To reply to these questions we’ve created a matrix that compares 9 innovation initiatives that Board of Innovation applies most. Surprisingly enough, we call it the Innovation Matrix. Its aim? To support you in making the right decision when it comes to launching your next innovation program so that you can make the most of your innovation budget.

First, let’s look at 9 innovation initiatives you will love

 

 

  1. Startup Fund. A startup fund is a corporate fund that invests in external opportunities. It aims to generate growth through external capabilities in line with the strategic objectives of an organization.
  2. Emerging Business Areas. Emerging (or New) Business Areas are sandbox environments where new business initiatives can grow before they prove their profitability and potentially enter an actual business unit, or become a new business unit.
  3. Center of Excellence. A center of excellence is a formal group in the organization that coordinates innovation initiatives to ensure that innovation is structurally embedded in the organization.
  4. External Incubator. An external startup incubator is a corporate initiative to support, grow and evaluate external startups for a specific period of time.
  5. Internal Accelerator. An innovation accelerator is an internal innovation program to free up time for intrapreneurs to develop, test and grow new business ideas outside of organizational processes and deliverables.
  6. Community of Practice. A community of practice is a cross-functional group of people within an organization with common interests and goals who share expertise within the organization.
  7. Innovation Challenge. An innovation challenge is an open initiative to get external expertise to solve organizational or societal challenges.
  8. Design Sprint. A Design Sprint is a (five-day) process for answering critical business questions through design, prototyping, and testing ideas with customers. It is an ad-hoc initiative that forces employees to interact closely with the outside world.
  9. Innovation Workshop. An innovation workshop is a (1+ days) session through which employees are invited to create new ideas or business concepts outside of the normal work process.

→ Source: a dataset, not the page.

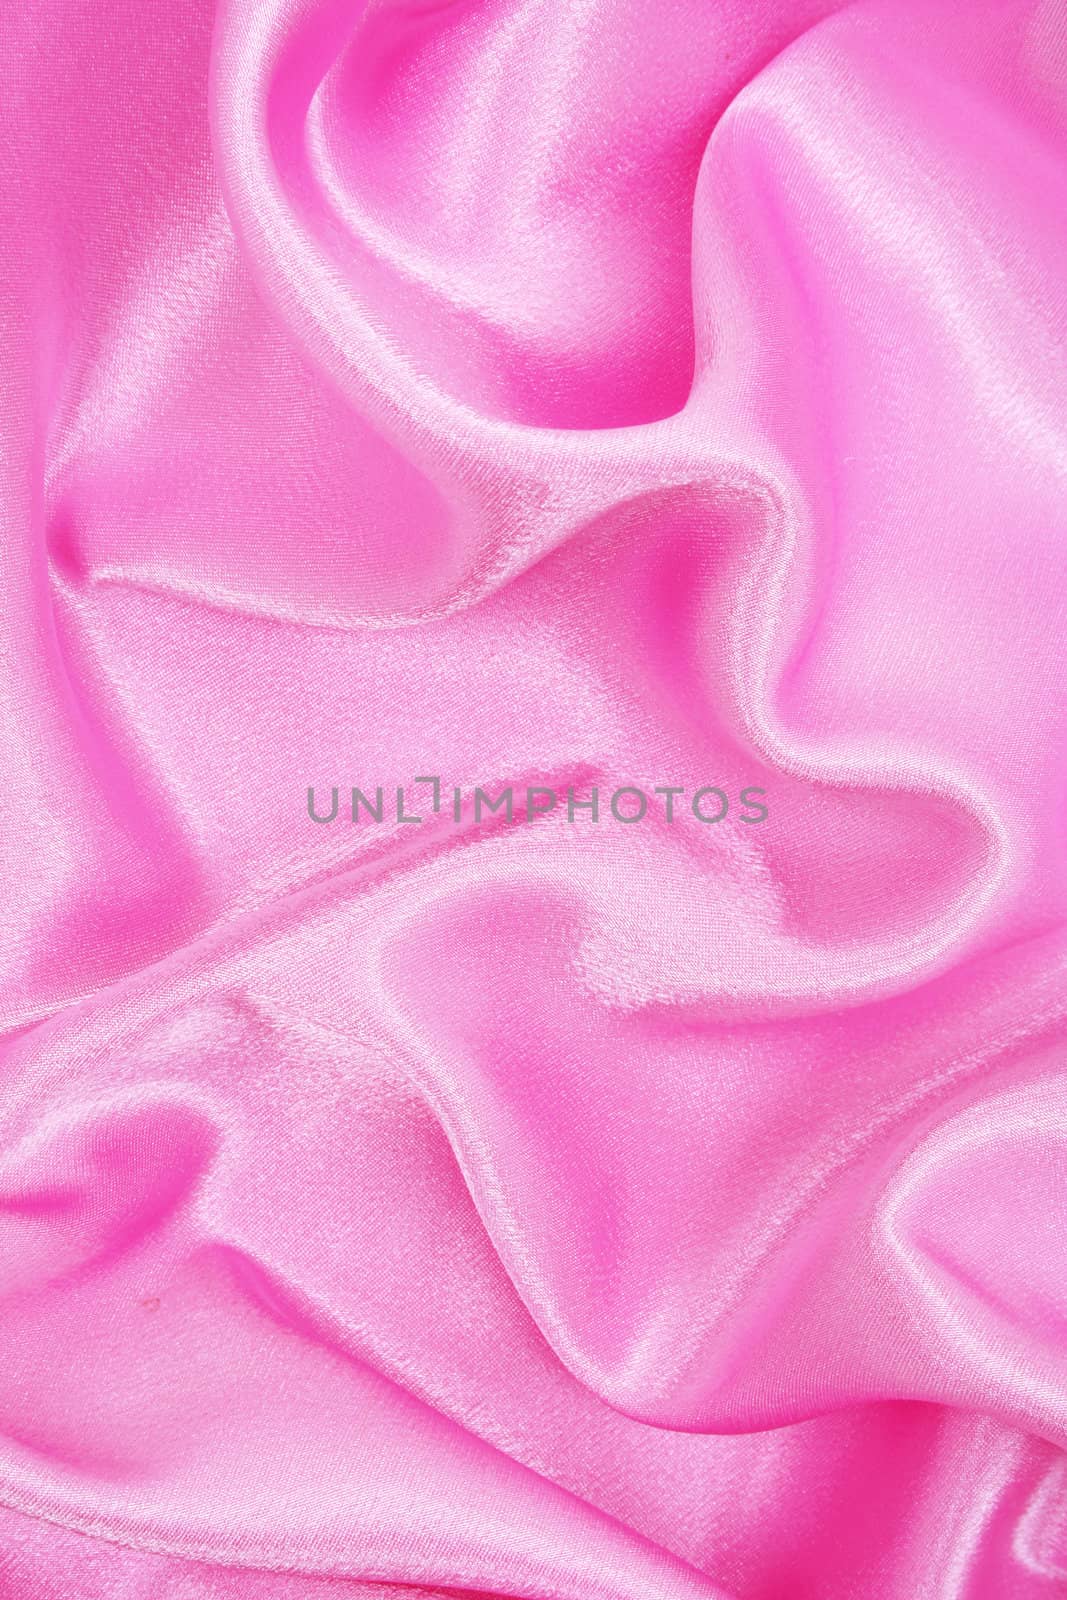 Smooth elegant pink silk by oxanatravel

Vital parameters to navigate through innovation initiatives

To help you navigate through these 9 innovation formats, we organized them according to two key parameters.

  1. Intensity
    We define innovation programs any activity that influences and innovates a company strategy. This could range from a 4-hour workshop to a 2-year strategic innovation plan. So, the first variable in selecting the right innovation program is: do you need a one-off event (e.g. a design sprint, a workshop, etc.) or a structured plan (e.g. a center of excellence)?
  2. Capabilities
    The second question you must ask yourself is: do you want to rely on internal or external capabilities for innovation to happen? You may either promote the acquisition of a startup, or encourage intrapreneurial thinking with existing capabilities.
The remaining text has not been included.